Sak Hassan Sak Xasan

Personal information
- Full name: Sakariya Abdi Hassan
- Date of birth: 21 March 2001 (age 25)
- Place of birth: Netherlands
- Position: Midfielder

Team information
- Current team: Dover Athletic

Youth career
- Leyton Orient
- Queens Park Rangers
- Tottenham Hotspur
- 2018–2019: Saffron Walden Town

Senior career*
- Years: Team / Apps / (Gls)
- 2019: Springfield / 6 / (1)
- 2019–2021: Hornchurch / 2 / (0)
- 2020: → Tower Hamlets (loan) / 4 / (0)
- 2021: → Redbridge (loan) / 3 / (0)
- 2021: Barking / 4 / (1)
- 2021–2023: AFC Sudbury / 60 / (18)
- 2023–2025: Hashtag United / 90 / (22)
- 2025–2026: Wealdstone / 24 / (1)
- 2026: Hampton & Richmond Borough / 8 / (0)
- 2026–: Dover Athletic / 1 / (0)

International career^{‡}
- 2022–: Somalia / 15 / (2)

= Sak Hassan =

Somali footballer (born 2001)

Sakariya Abdi Hassan (Sakariya Cabdi Xasan; born 21 March 2001) is a footballer who last plays as a midfielder for National League South club Dover Athletic. Born in the Netherlands, he represents Somalia at international level.

==Club career==
Born in the Netherlands, Hassan moved to England at the age of 8. He played youth football for Leyton Orient, Queens Park Rangers, Tottenham Hotspur and Saffron Walden Town.

Hassan began his career with Chelmsford-based club Springfield in 2019, making six Essex Olympian League appearances for the club, scoring once. Later that year, Hassan signed for Hornchurch. He was an unused substitute in Hornchurch's victory over Hereford in the 2021 FA Trophy Final.

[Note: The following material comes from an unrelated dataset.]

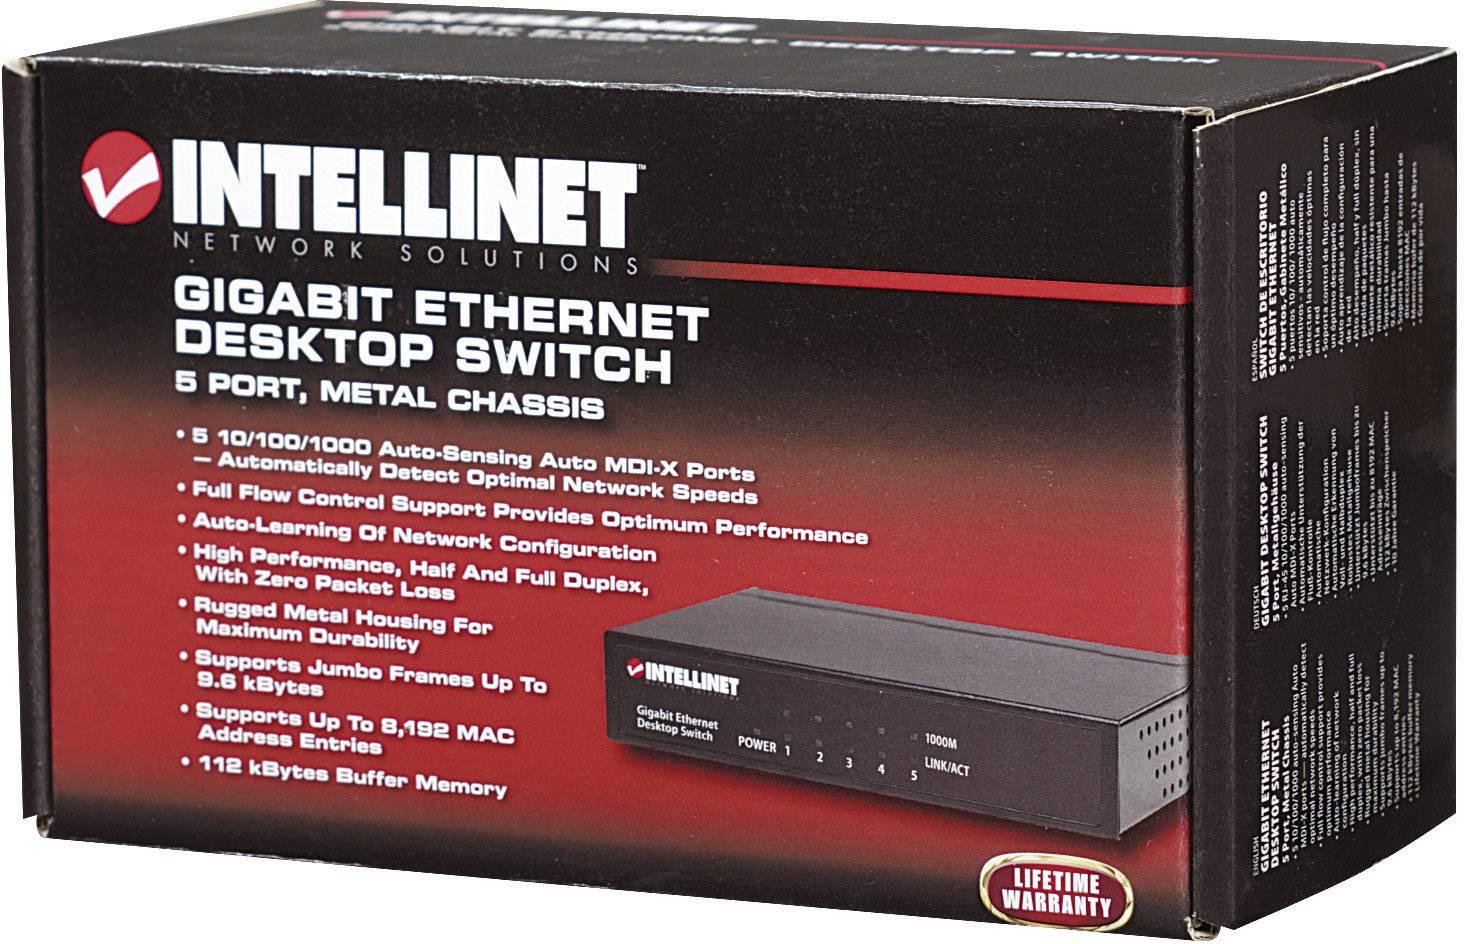 Intellinet 5-Port Gigabit 10//100//1000 Mbps Ethernet Desktop Switch 530378

During the 2020–21 season, Hassan was loaned to Tower Hamlets, making four appearances. In September 2021, Hassan joined Redbridge on loan for a month, before signing for Barking in October 2021.

In December 2021, Hassan joined AFC Sudbury. On 28 June 2023, he joined seventh tier Isthmian League side Hashtag United. At the end of the 2024–25 season, after 90 league appearances and 22 goals for the club, it was announced that Hassan would leave the club.

On 16 June 2025, Hassan signed for National League side Wealdstone. On 25 October 2025, Hassan scored his first league goal for Wealdstone, as well as recording three assists, in Wealdstone's 4–2 win against Sutton United. In March 2026, Wealdstone announced that Hassan would not feature for the rest of the season, after taking part in the indoor six-a-side tournament Baller League for Prime FC, in breach of his contract.

In July 2026, Hassan signed for National League South side Hampton & Richmond Borough. On 9 September 2026, Hassan announced he had left Hampton & Richmond.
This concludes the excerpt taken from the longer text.